Она всегда заступалась за "маленького" человека. Прекрасно понимала: маленьких людей нет, каждый человек - огромен, со своей неповторимой и единственной жизнью. Маленькими людей делает бездушная тотальная власть.
25 миллионов - таков был тираж "Комсомолки" в советское время. Для меня этот факт означает вот что: вместе с блистательными журналистами того времени Инна Руденко спасла души целого поколения советских людей, ставших потом россиянами. Спасла от цинизма и безверия, от бесконечной лжи, от служения призрачным ценностям, от уродливого протеза коммунистической идеологии, призванного заменить живую человеческую душу. Спасает и сегодня.
Я думаю, что ее "маленьким людям", ее духовным детям, тоже кое-что удалось. Это "кое-что" - живое воплощение ее великого труда: неутраченная совестливость, неприятие лжи, привычка души работать...
Вот ее ответы на вопросы "Российской газеты".
- Есть ли, на ваш взгляд, что-то важнее и дороже человеческой жизни?
- Душа.
- Вы полагаете, что душа и жизнь - это разные вещи? Мне не понятно...
- Моя физическая жизнь - ничто по сравнению с тем, что у меня в душе. Это гораздо важнее, чем мое физическое пребывание на земле. Душа бессмертна, если ты ее будешь беречь.

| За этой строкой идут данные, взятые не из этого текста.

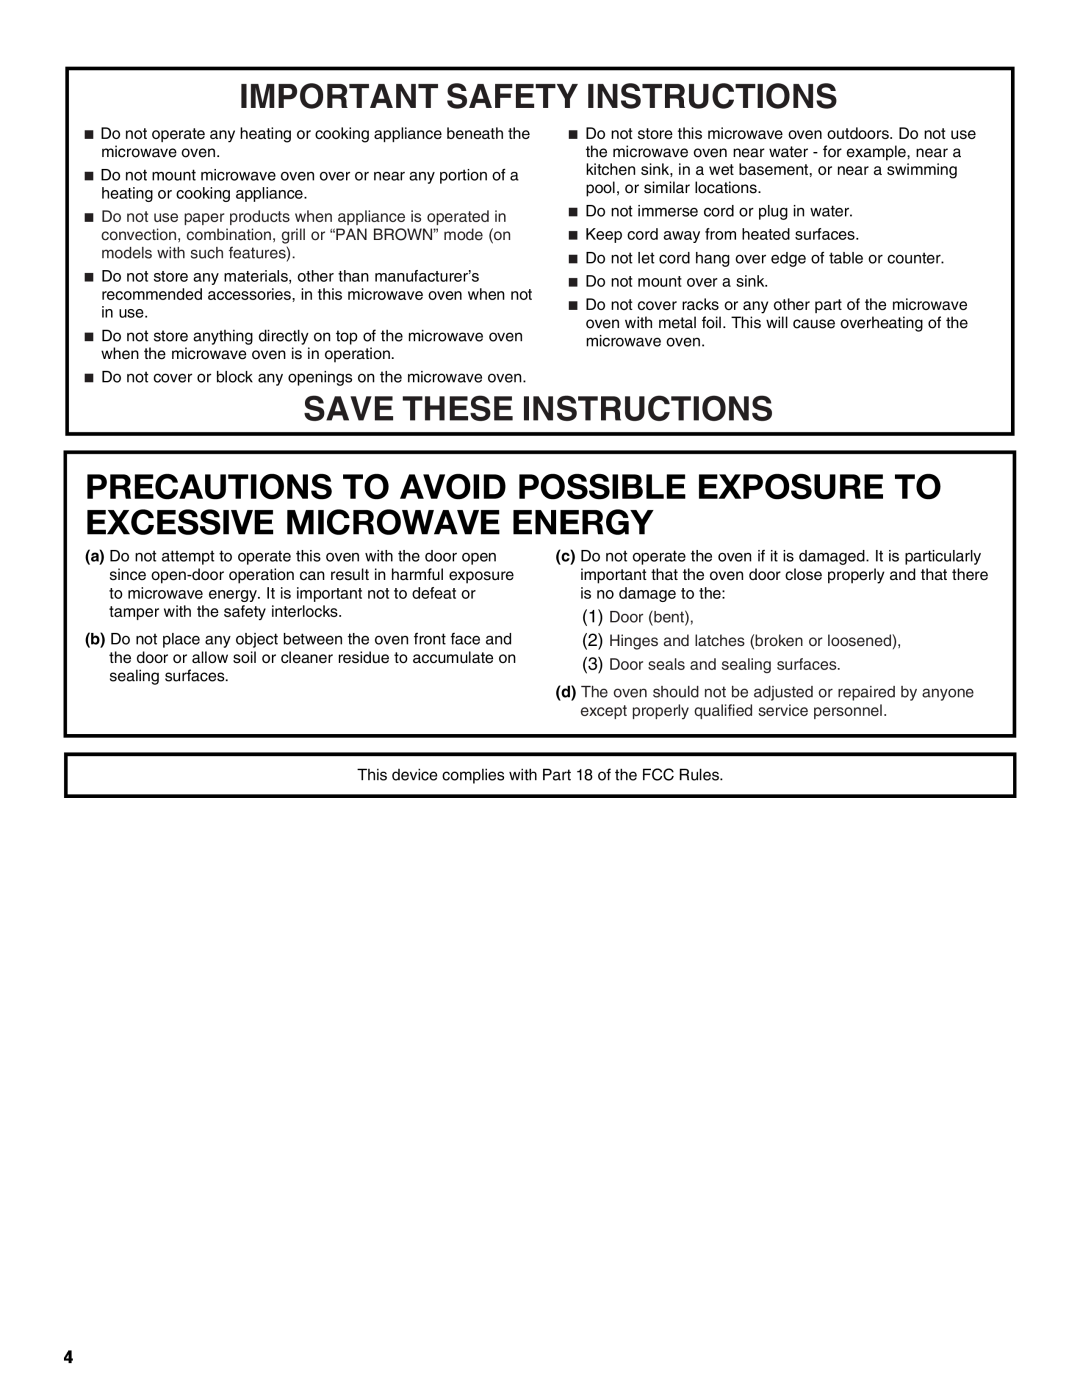 Whirlpool WMC30516AS Precautions To Avoid Possible Exposure To Excessive Microwave Energy, Important Safety Instructions

- Во имя чего можно пожертвовать жизнью?
- Во имя жизни другого человека.
- Есть ли какие-то гуманистические идеи, ради торжества которых можно было бы отдать жизнь?
- Есть.
- Какие, например?
- Например, швейцеровская идея благоговения перед жизнью.
- Что вы думаете об идеологии исламских смертников-шахидов?
- Нет идеологии, которая стоила бы жизни.
- Вы полагаете, что это идеология? А может быть, это идея принесения себя в жертву во имя Аллаха?
- Идея и идеология - разные вещи. Идея - нечто внутреннее, произрастающее из человека. Идеология - следствие влияния на человека извне. Идеология всегда связана с политикой. Я думаю, что в случаях с террористами-смертниками мы имеем дело не с идеями, а с идеологией.
- Вы верите в жизнь после жизни?
- Да - если человек оставляет после себя нечто драгоценное.
- Считаете ли вы, что жизнь справедлива?
- Об этом человек может судить лишь тогда, когда жизнь его прожита.
- О чем из утраченного социалистического "вчера" вы сожалеете?
- О потере слова "товарищ" ("здравствуй, Пушкин, наш товарищ!" - Андрей Платонов), прилепившегося лишь к провалившейся идеологии.
- Что вы не принимаете в новом времени?
- Потерю слова, понятия "гуманизм".
- Что вас в этом времени радует?
- Свобода, которой мы, к несчастью, не сумели воспользоваться.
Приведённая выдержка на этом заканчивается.